4. The hydroxylated zwitterionic additive as described in claim 3, characterized in that, R1, R2 and R3 are all hydroxyethyl.

5. The method for preparing the hydroxylated zwitterionic additive according to any one of claims 1 to 4, characterized in that, Includes the following steps: A compound having the structure shown in Formula 2, 1,3-propylsulfonate lactone, and an organic solvent were mixed and subjected to an affinity ring-opening addition reaction to obtain the hydroxylated zwitterionic additive. Formula 2.

6. The preparation method according to claim 5, characterized in that, The molar ratio of the compound having the structure shown in Formula 2 to 1,3-propylsulfonate lactone is 1:(1~6).

7. The manufacturing method as described in claim 5, characterized in that, The nucleophilic ring-opening addition reaction was carried out at a temperature of 40°C for 72 hours. The nucleophilic ring-opening addition reaction was carried out under stirring.

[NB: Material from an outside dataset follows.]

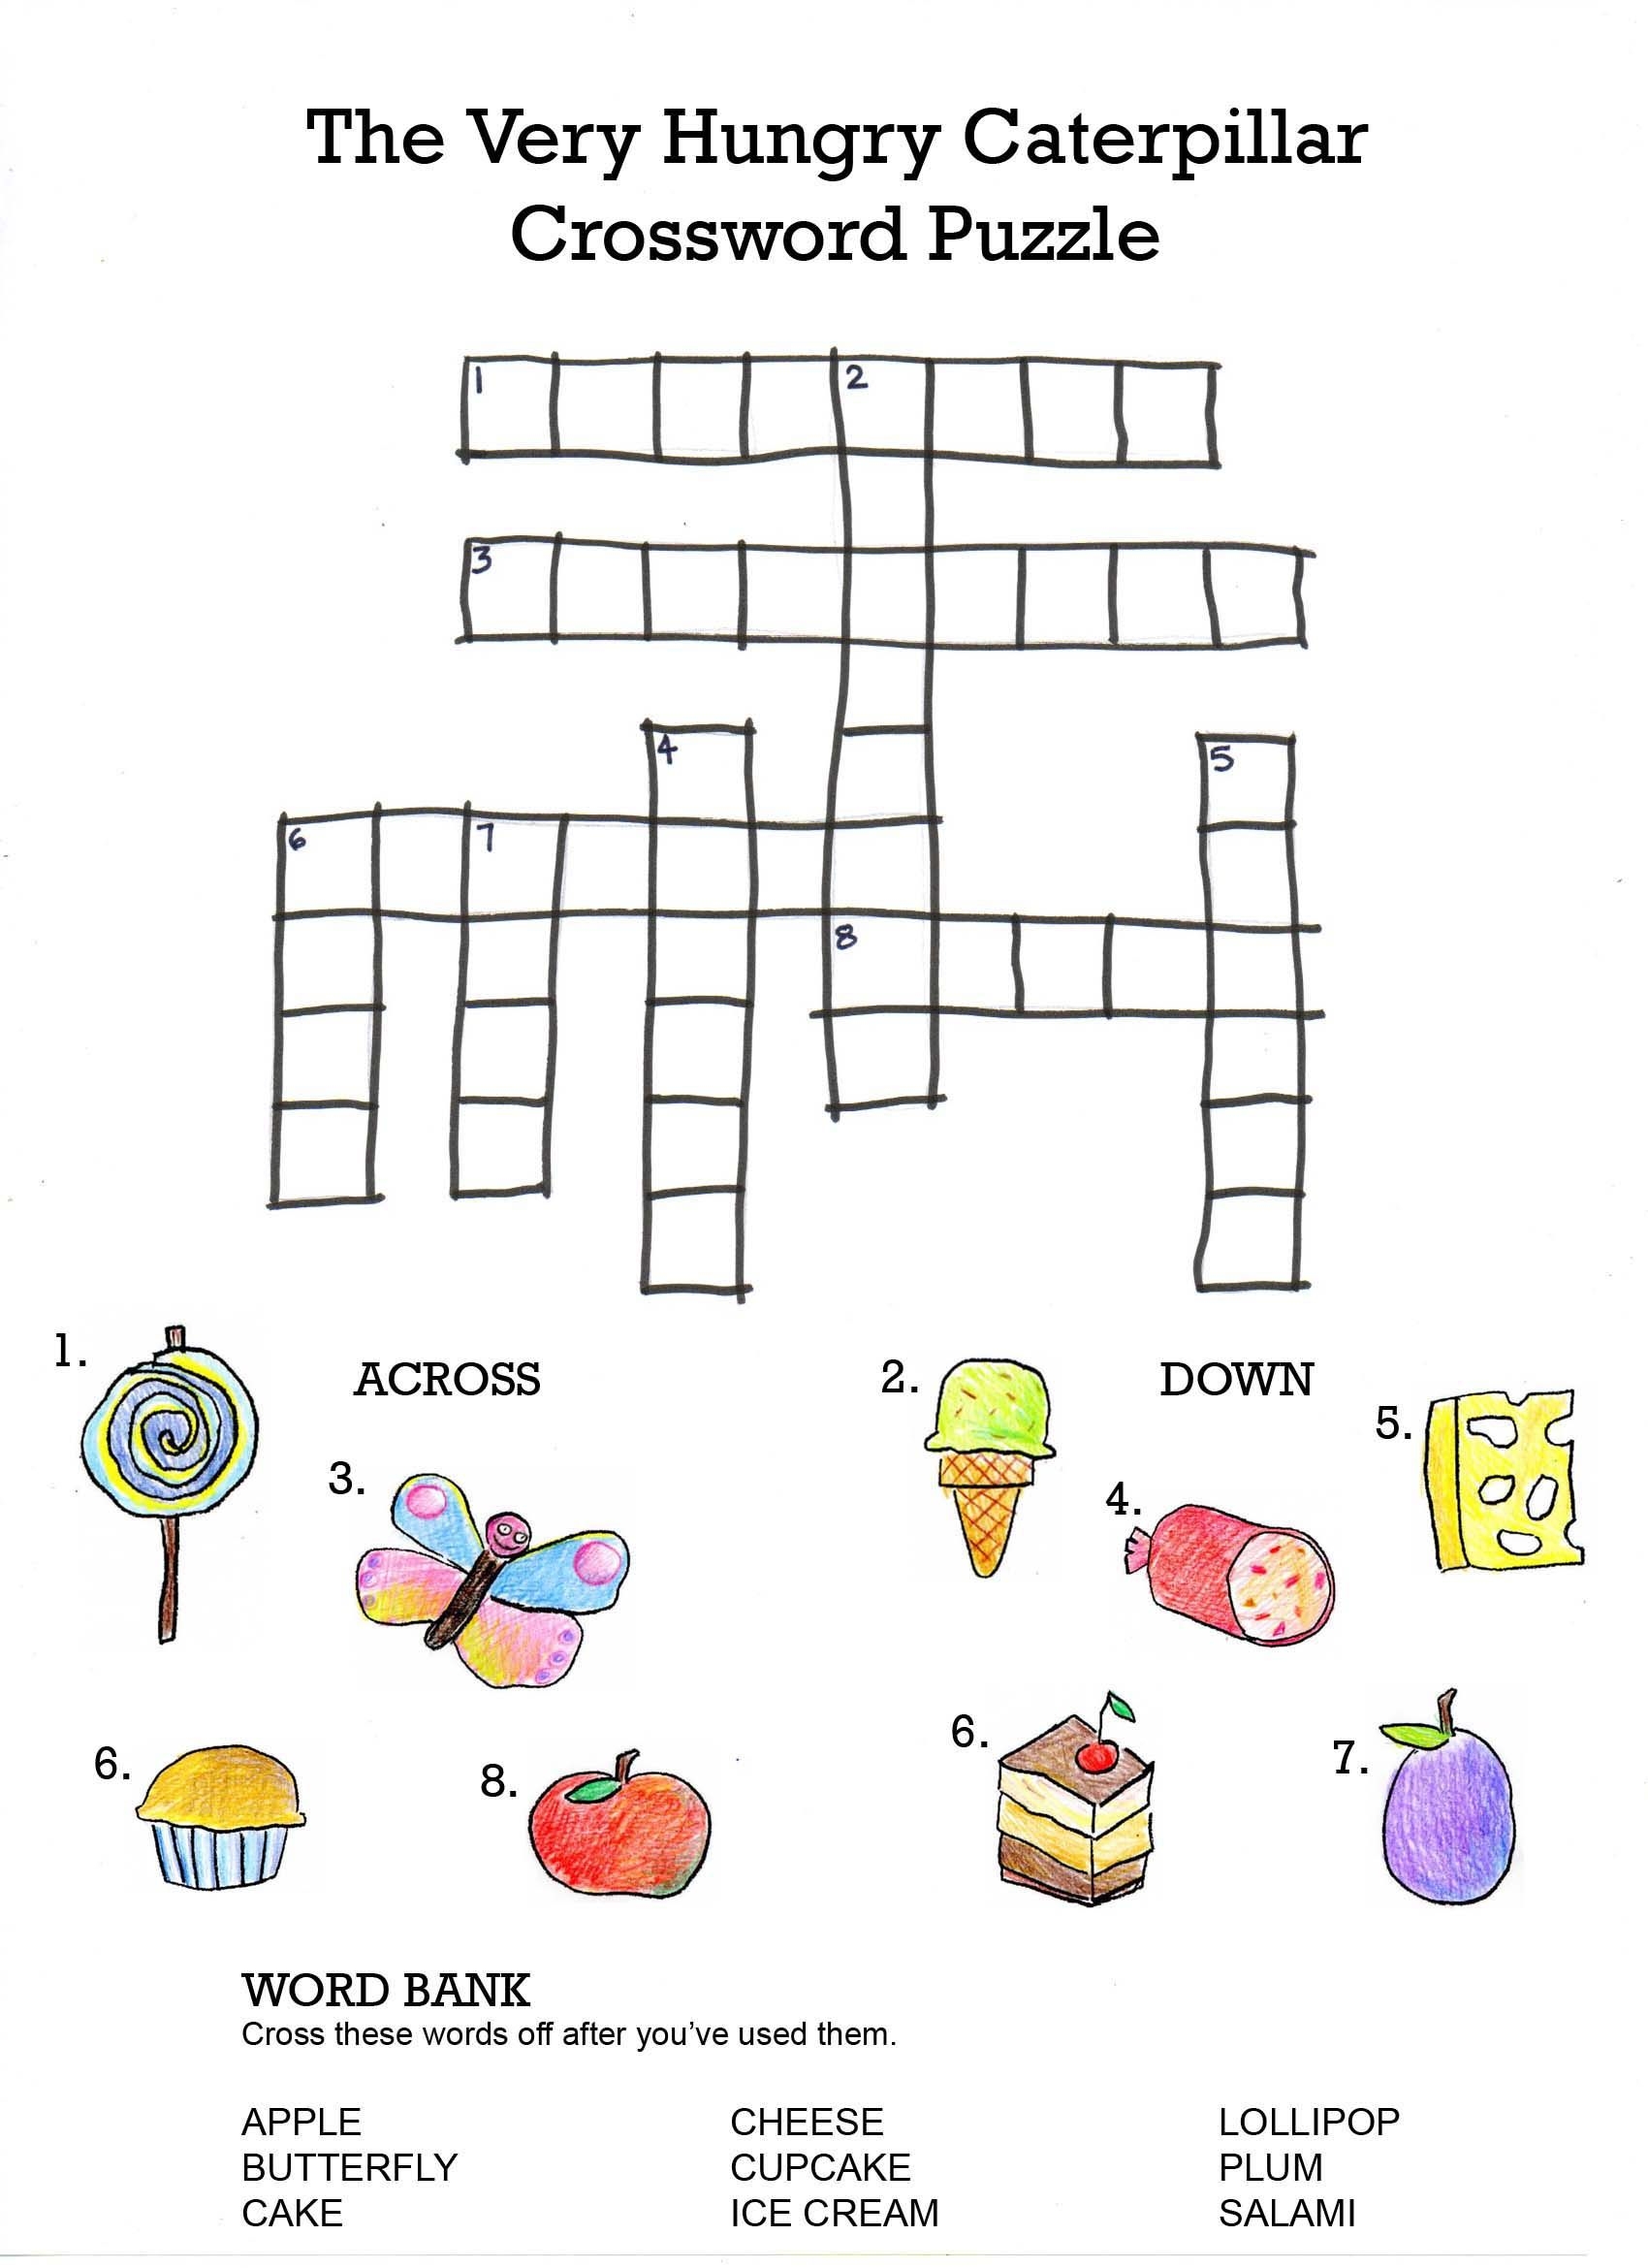 The Very Hungry Caterpillar Crossword Printable Puzzles For Kids Crossword Puzzles Crossword - Free Easy Printable Crossword Puzzles For Kids
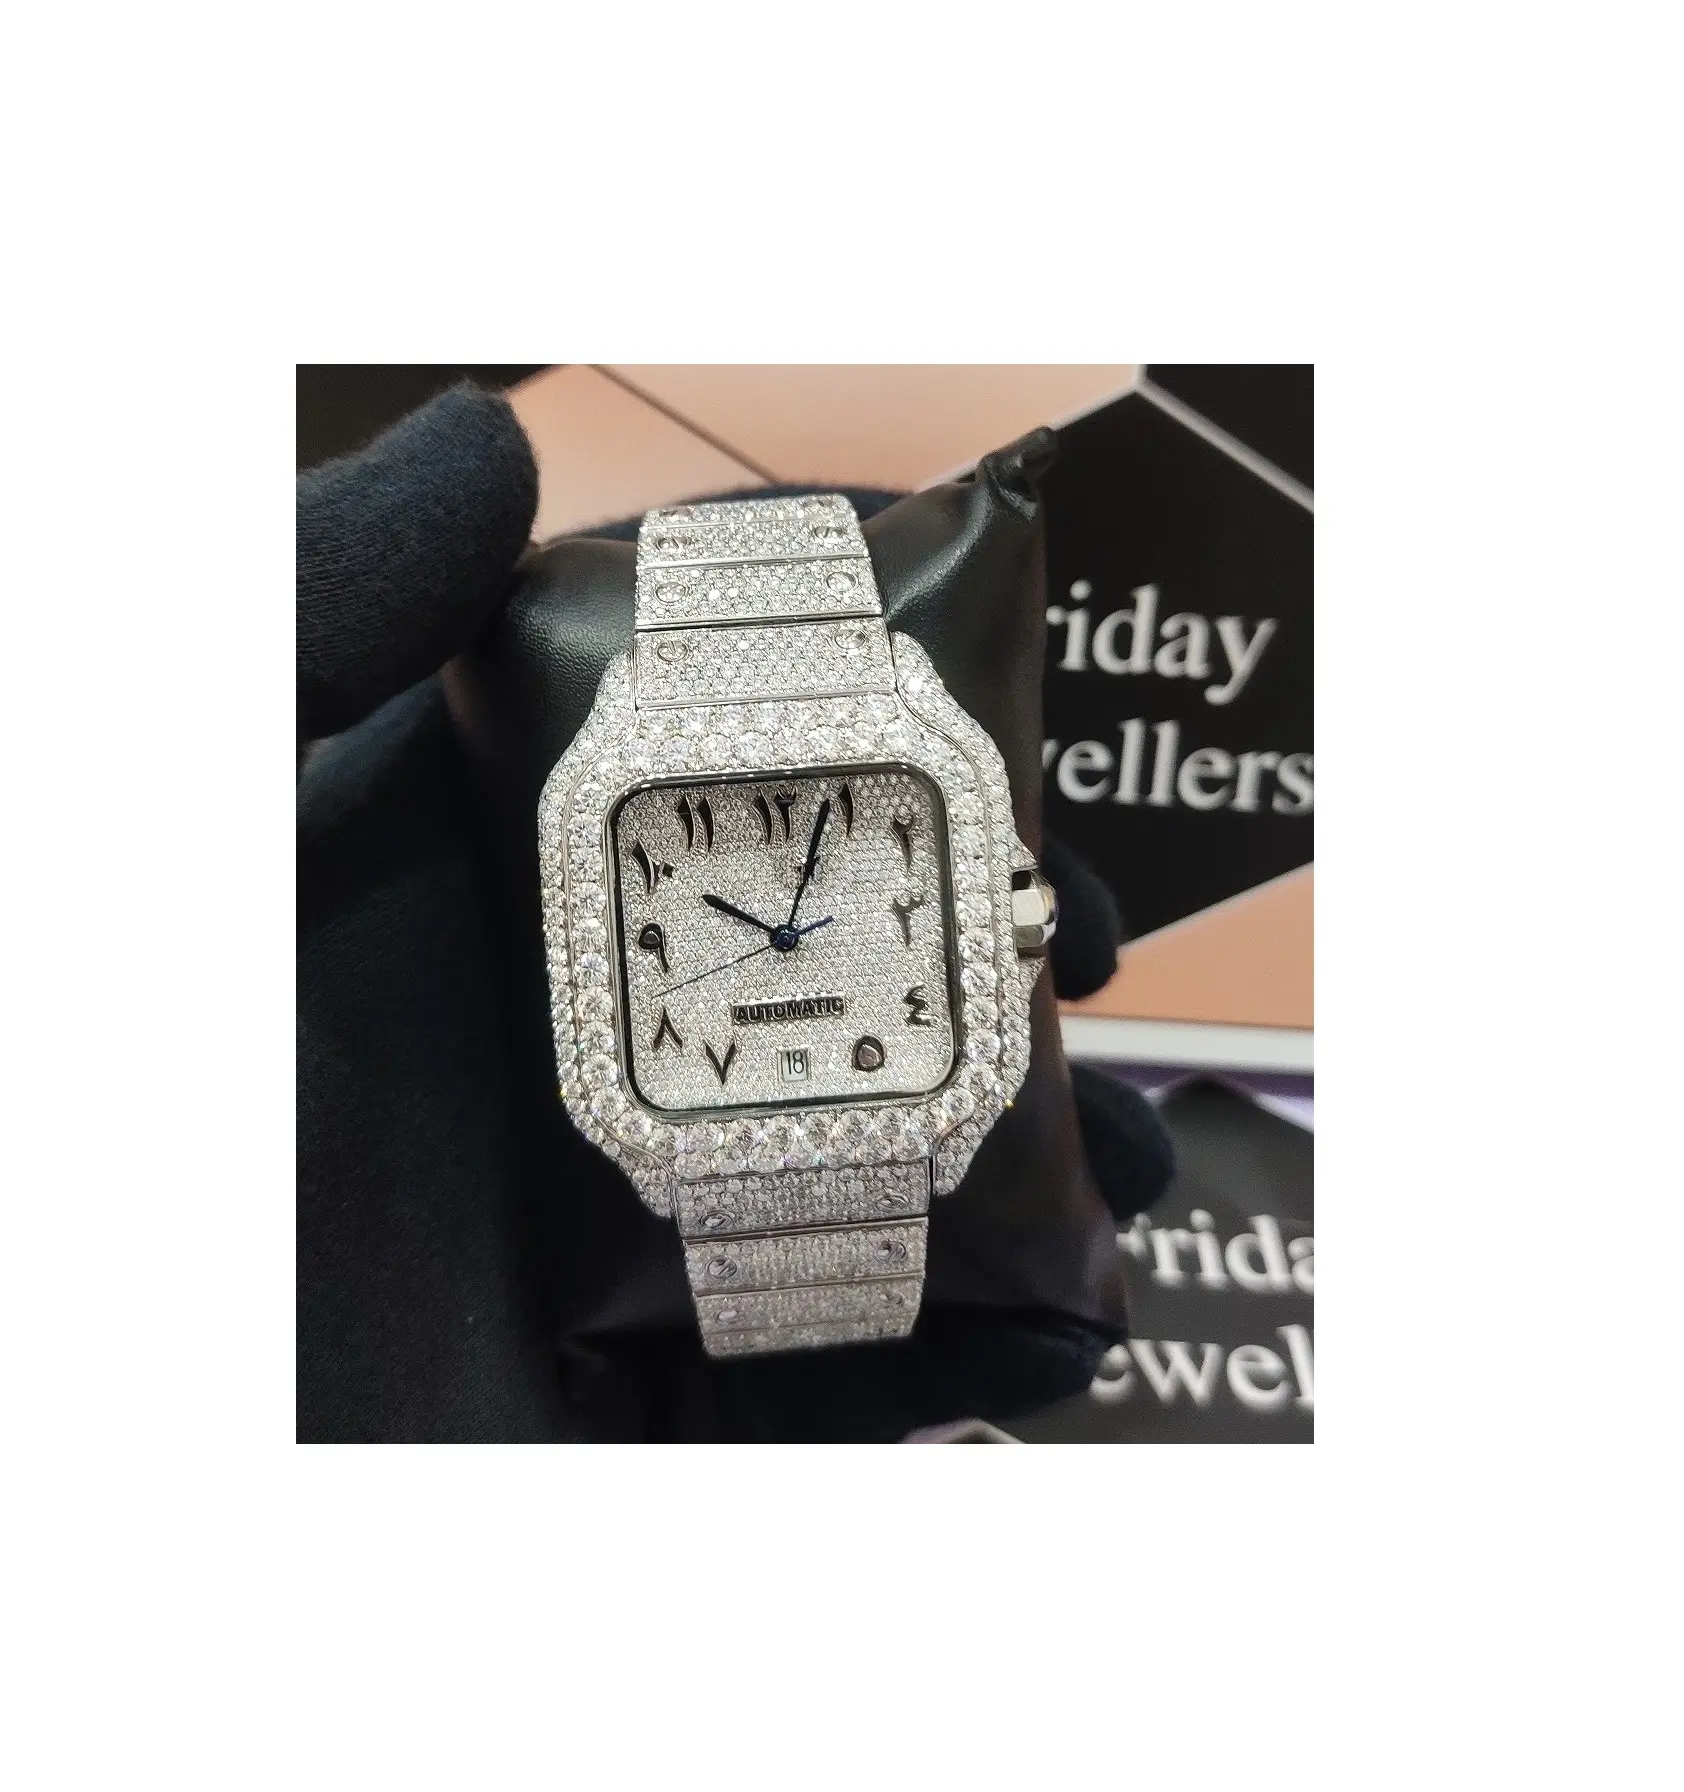 40MM jam tangan berlian desain trendi Tinggi sesuai permintaan untuk uniseks dari produsen India tersedia dengan harga grosir

8. A zinc-based battery electrolyte, characterized in that, Including zinc sulfate and hydroxylated zwitterionic additives; The hydroxylated zwitterionic additive is the hydroxylated zwitterionic additive according to any one of claims 1 to 4 or the hydroxylated zwitterionic additive prepared by the preparation method according to any one of claims 5 to 7.

9. The zinc-based battery electrolyte as described in claim 8, characterized in that, The concentration of zinc sulfate in the zinc-based battery electrolyte is 0.5~3 mol / L.

10. The zinc-based battery electrolyte as described in claim 8, characterized in that, The concentration of the hydroxylated zwitterionic additive in the zinc-based battery electrolyte is 0.5~500 mmol / L.